What the Dog Saw
By Malcom Gladwell
The best part about Malcolm Gladwell is the fact that he thinks up questions no one else does. Questions like: why is there only one kind of ketchup when there are dozens of kinds of mustard? What is the difference between a puzzle and a mystery? What if Enron’s trouble wasn’t a lack of disclosure so much as too much information? What actually goes into profiling a criminal? All these questions are examined, if not necessarily answered, in What the Dog Saw.
This volume is a collection of essays Gladwell wrote for The New Yorker over the years. As such, there is only a loose cohesion between the chapters. The main problem with this is Gladwell could not go as deep into any given subject as I would have liked. He clearly goes to the trouble of researching his subjects very thoroughly, and it would have been cool to read more of his findings.

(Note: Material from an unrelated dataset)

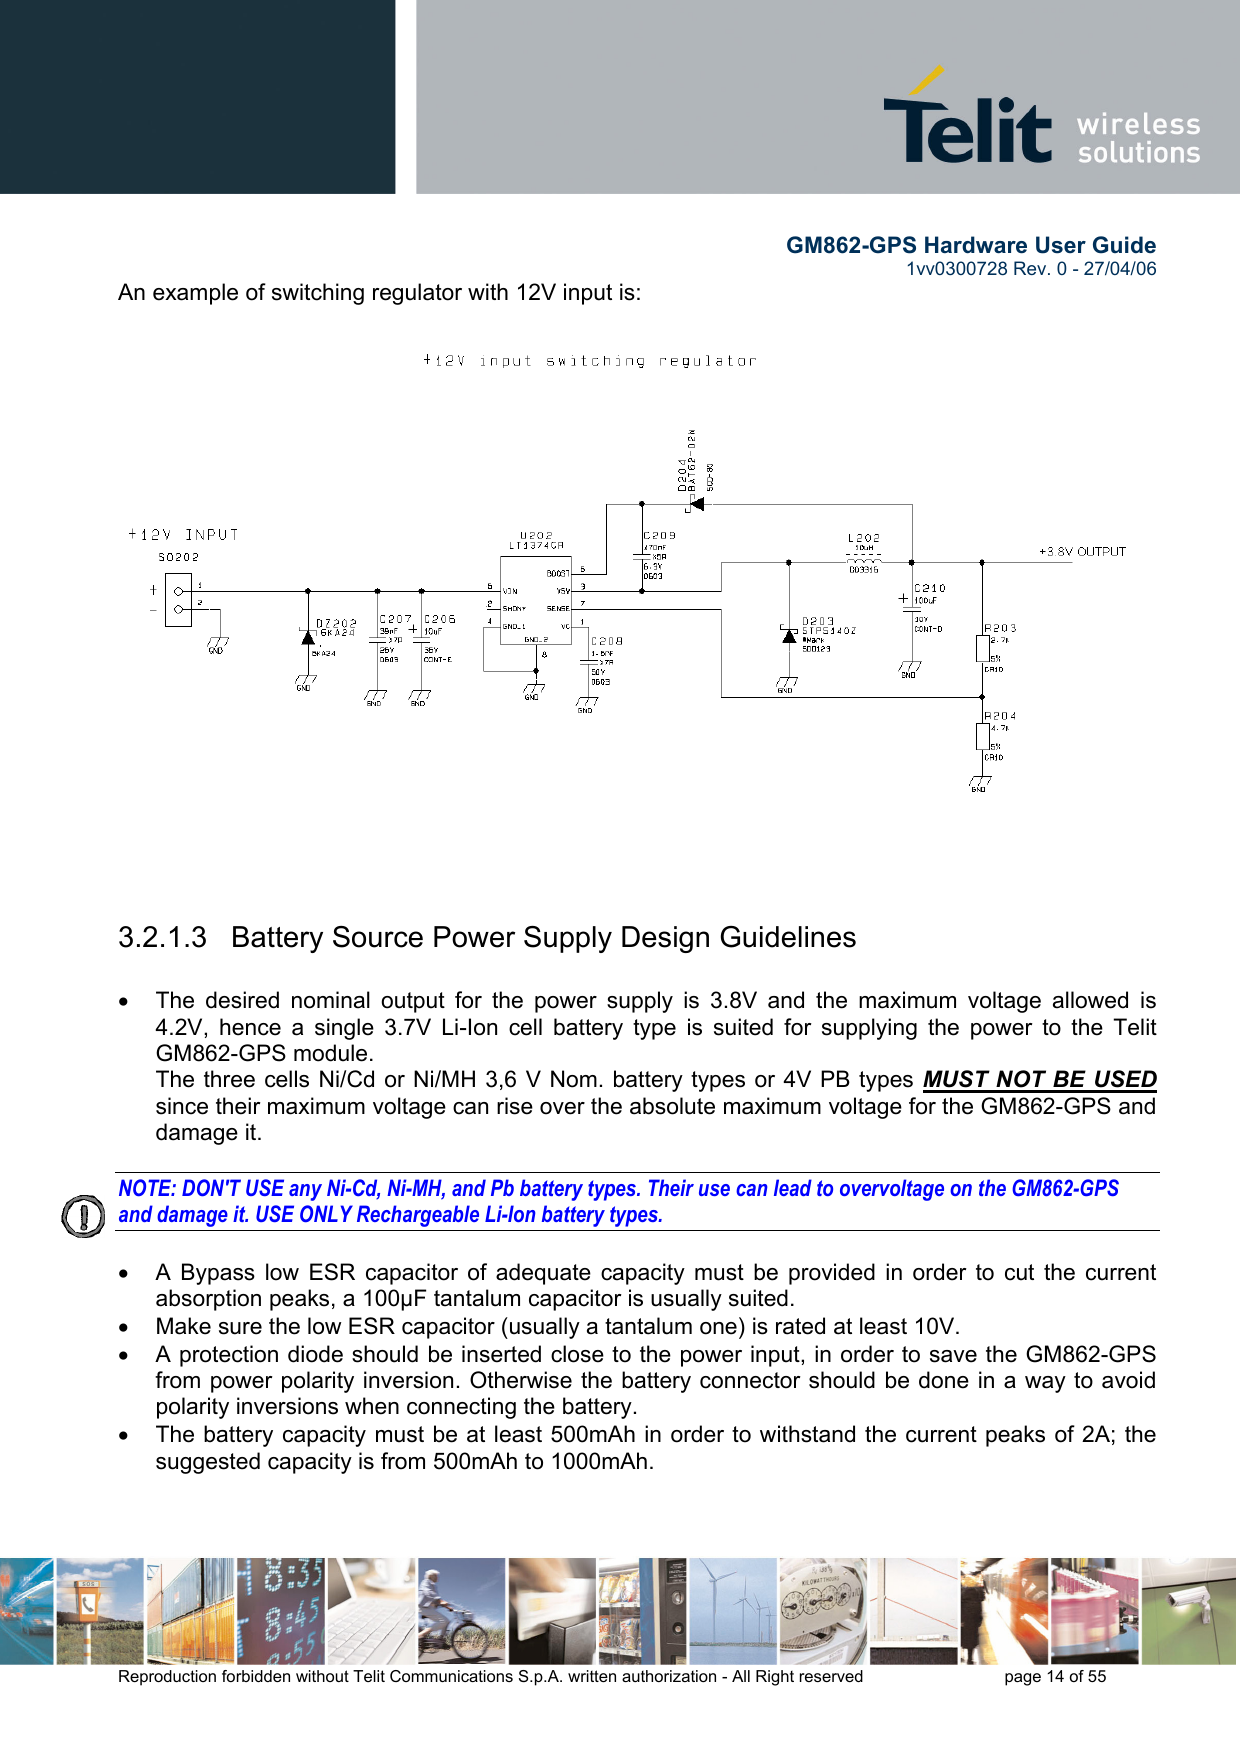        GM862-GPS Hardware User Guide   1vv0300728 Rev. 0 - 27/04/06    Reproduction forbidden without Telit Communications S.p.A. written authorization - All Right reserved    page 14 of 55  An example of switching regulator with 12V input is:  3.2.1.3   Battery Source Power Supply Design Guidelines  •  The desired nominal output for the power supply is 3.8V and the maximum voltage allowed is 4.2V, hence a single 3.7V Li-Ion cell battery type is suited for supplying the power to the Telit GM862-GPS module. The three cells Ni/Cd or Ni/MH 3,6 V Nom. battery types or 4V PB types MUST NOT BE USED since their maximum voltage can rise over the absolute maximum voltage for the GM862-GPS and damage it.  NOTE: DON&apos;T USE any Ni-Cd, Ni-MH, and Pb battery types. Their use can lead to overvoltage on the GM862-GPS and damage it. USE ONLY Rechargeable Li-Ion battery types.  •  A Bypass low ESR capacitor of adequate capacity must be provided in order to cut the current absorption peaks, a 100μF tantalum capacitor is usually suited. •  Make sure the low ESR capacitor (usually a tantalum one) is rated at least 10V. •  A protection diode should be inserted close to the power input, in order to save the GM862-GPS from power polarity inversion. Otherwise the battery connector should be done in a way to avoid polarity inversions when connecting the battery. •  The battery capacity must be at least 500mAh in order to withstand the current peaks of 2A; the suggested capacity is from 500mAh to 1000mAh.  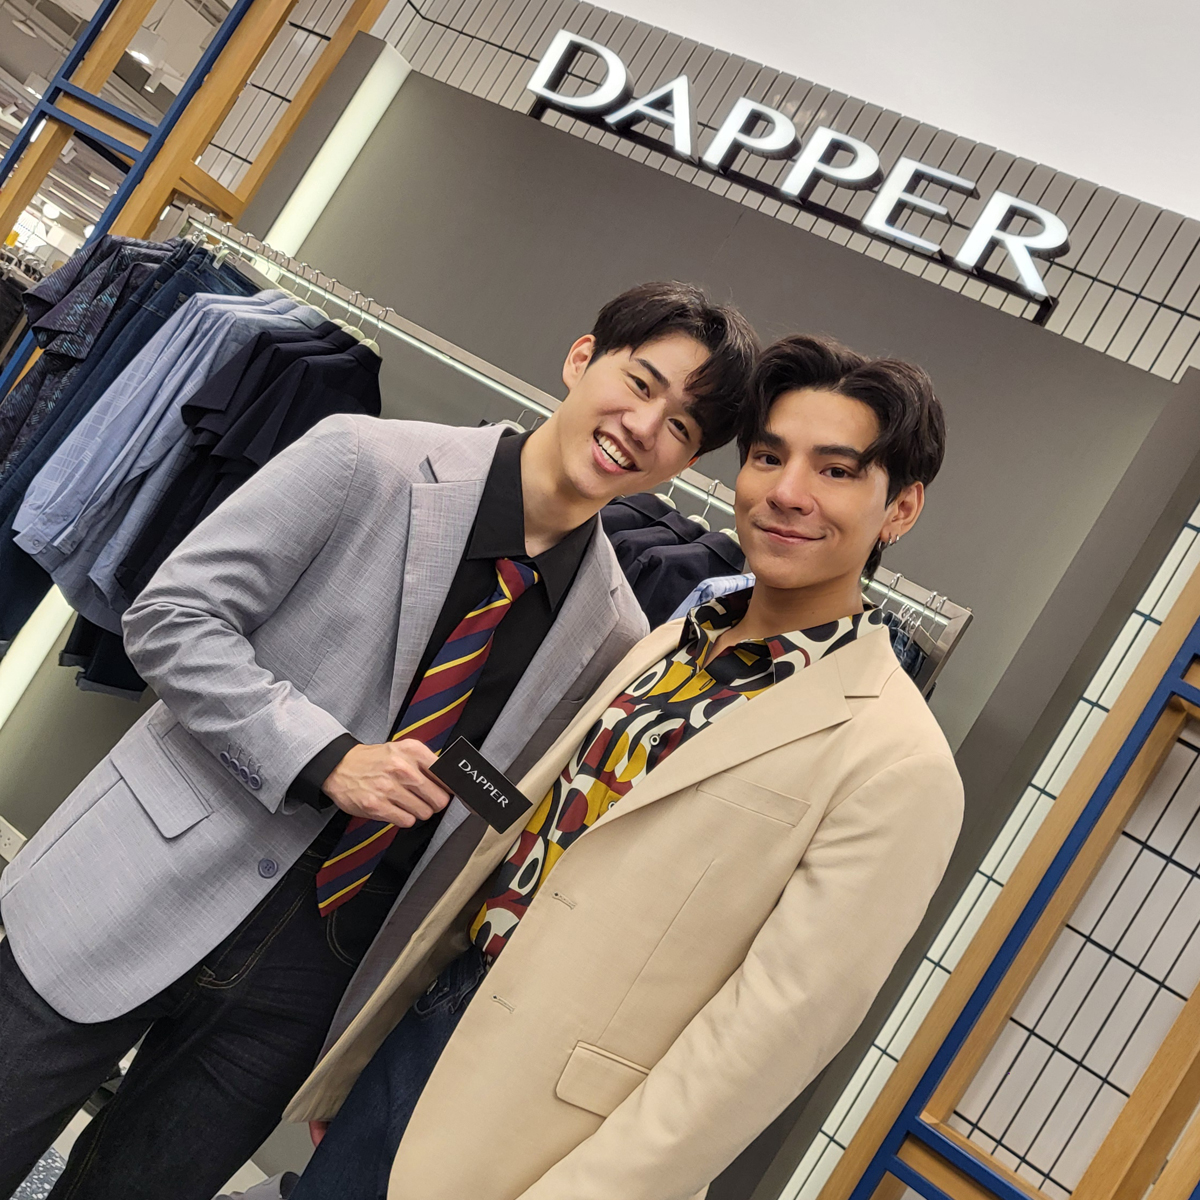 Grand Opening DAPPER @Central Fashion Island, DAPPER | Style, Like No Others!

In publishing a collection of shorter works, Gladwell highlights his writing capabilities. I love Gladwell’s turn of phrase. He has a prodigious vocabulary and makes excellent use of it. In reading his work, it feels like his entire goal is to get you to question the things around you. Often in these essays, he doesn’t give you a solution or answer to the problems that he poses. I find that highly useful, as it encourages me to think more for myself.
I would recommend anyone read this book. It’s fun, entertaining and thought provoking.